It takes very few copies per month to reach MAS top lists, please google it if
you don't know that, especially in less crowded 'lifestyle' category. I never
said in the entire app store, I said in lifestyle category. So both claims are
true but you are too blinded with rushing to prove 'other guy being wrong'.
Being both constantly on top grossing lifestyle list and making almost no
money is topic on its own, but the fact doesn't make any of those two claims
less true.

Great majority of the Subliminal user base was reached trough
[https://stacksocial.com/sales/the-mac-freebie-
bundle-4-0](https://stacksocial.com/sales/the-mac-freebie-bundle-4-0) several
years ago. As you can see it was free bundle.

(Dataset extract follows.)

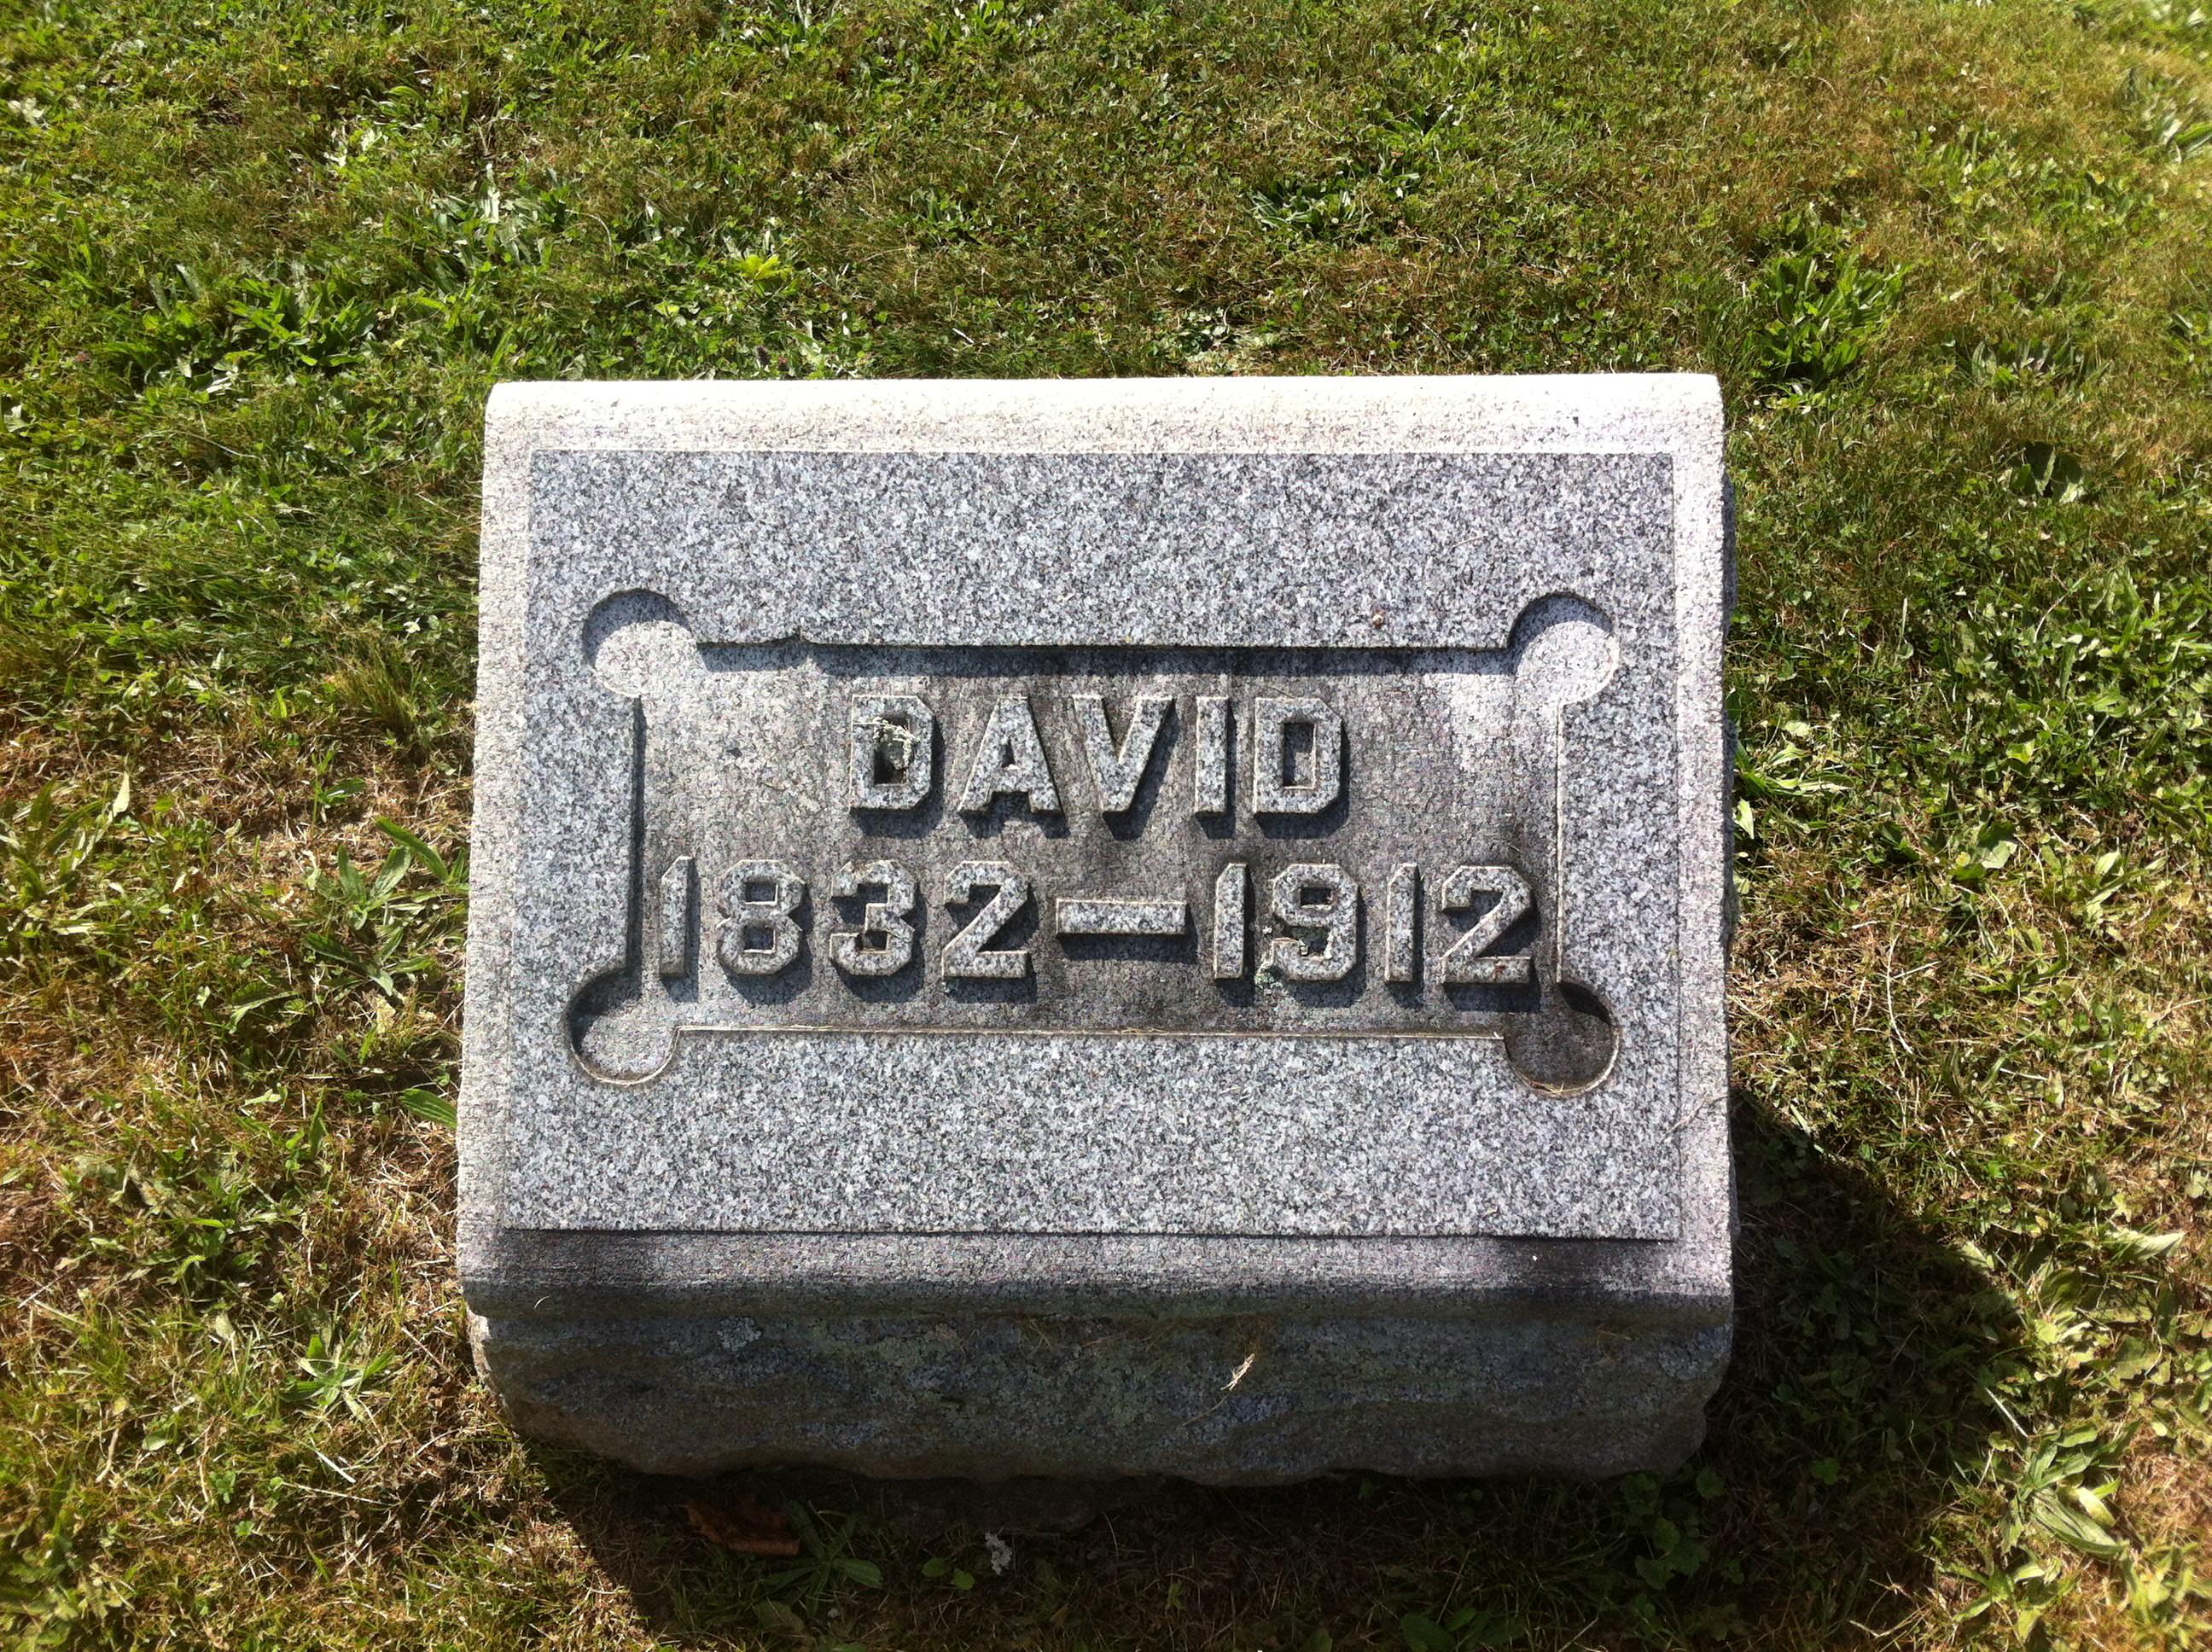 David Lichty
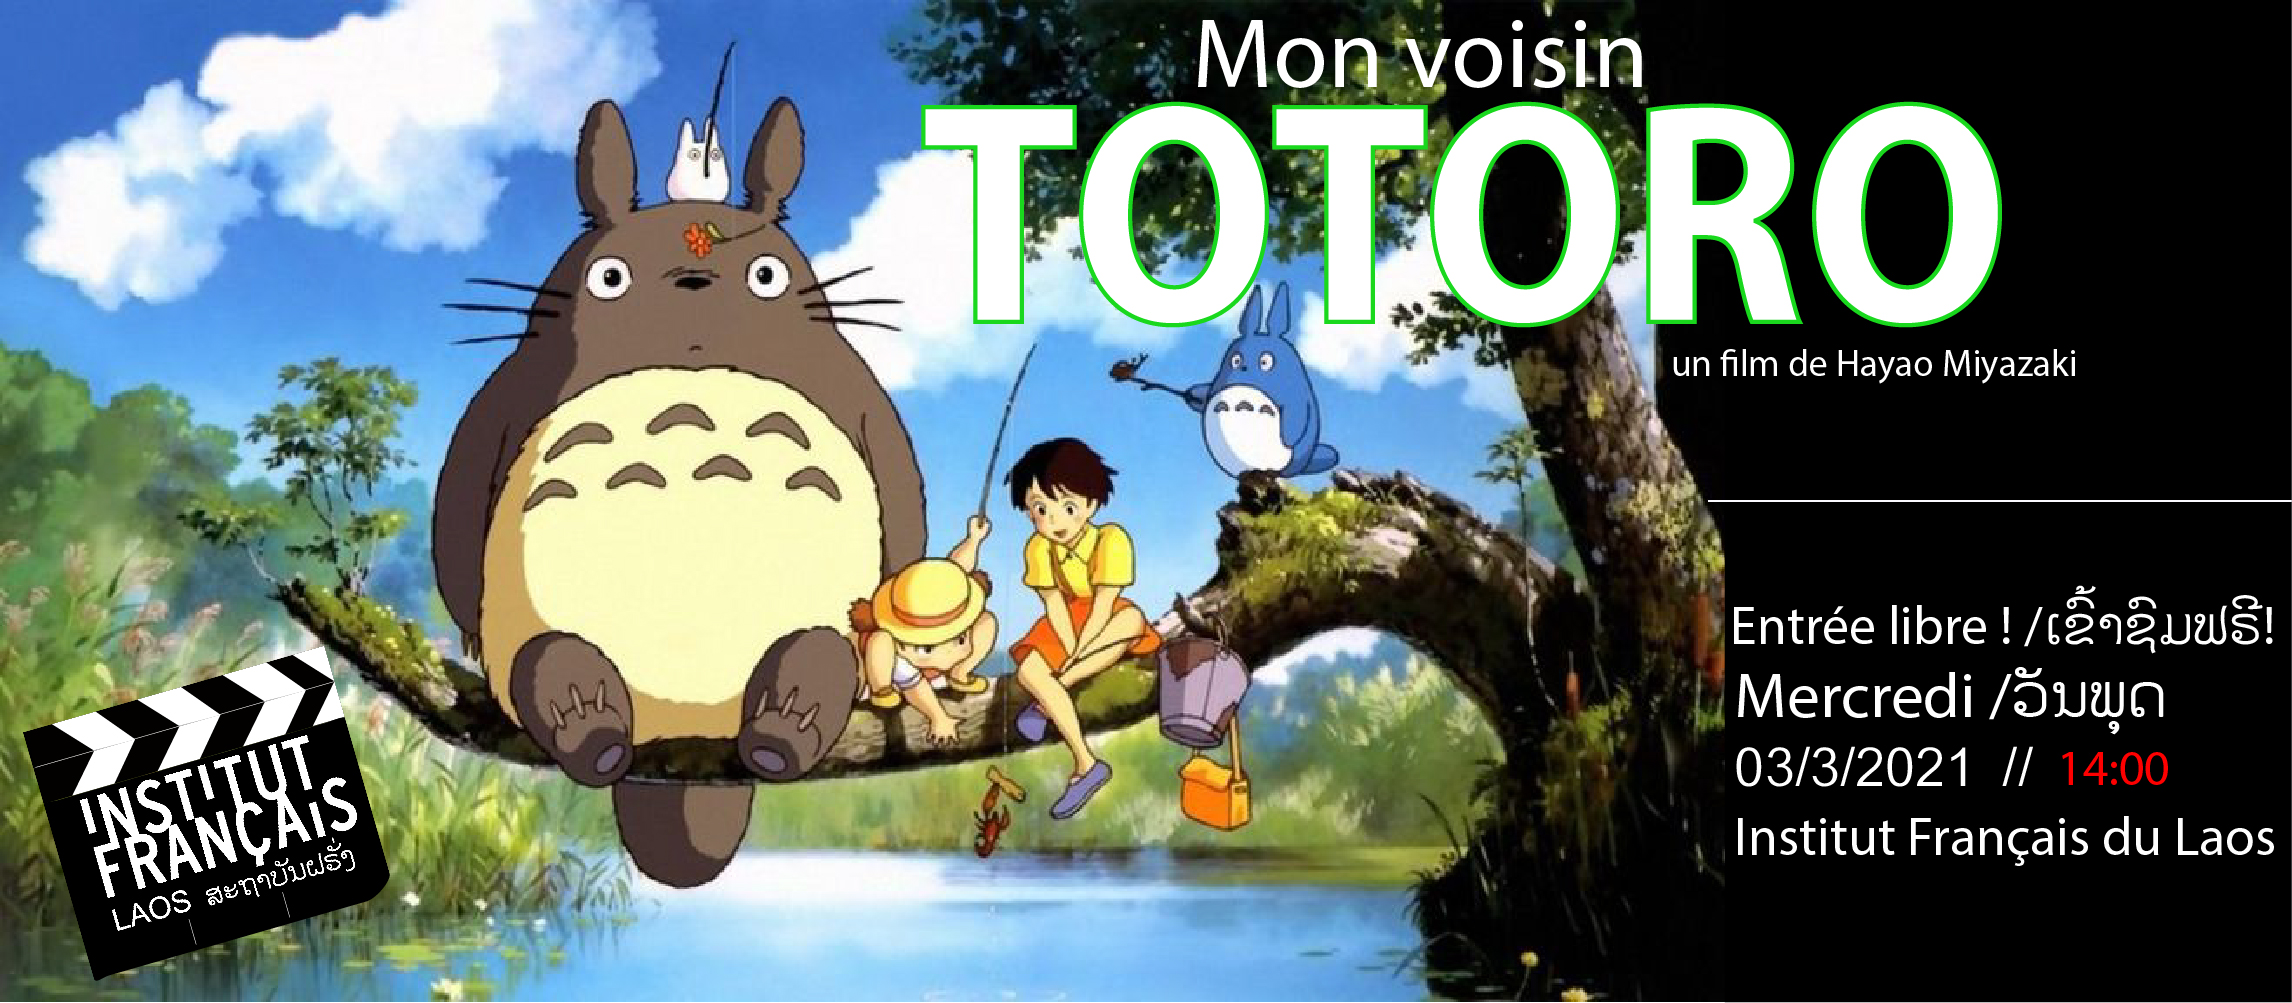 FILM ENFANTS // MON VOISIN TOTORO

StackSocial did 'pay' for all
the free copies, it was mutual promotional move, with earnings of exactly
whooping 1.3 cents per copy. Even paying customers never had to pay for any
update, so far it was always one-time payment (if not free), since 2011. When
you mention money as motivational factor it looks really funny on this side.

> hogwash, snake oil, both sides of your mouth, I don't believe a single word
> you say, profit off gullibility...

That's pretty strong wording to cover ignorance. You did first choose what to
believe in, then put an effort to make it sound true?

I am now really curious to hear (at least short or yes/no) answers to the part
you skipped:

"Out of curiosity, you _are_ aware that all major players use subliminal
messages in their commercials? Or not? If you know about that, why would they
use them that way if there is no effect? If you don't know about that why we
discuss the topic then?"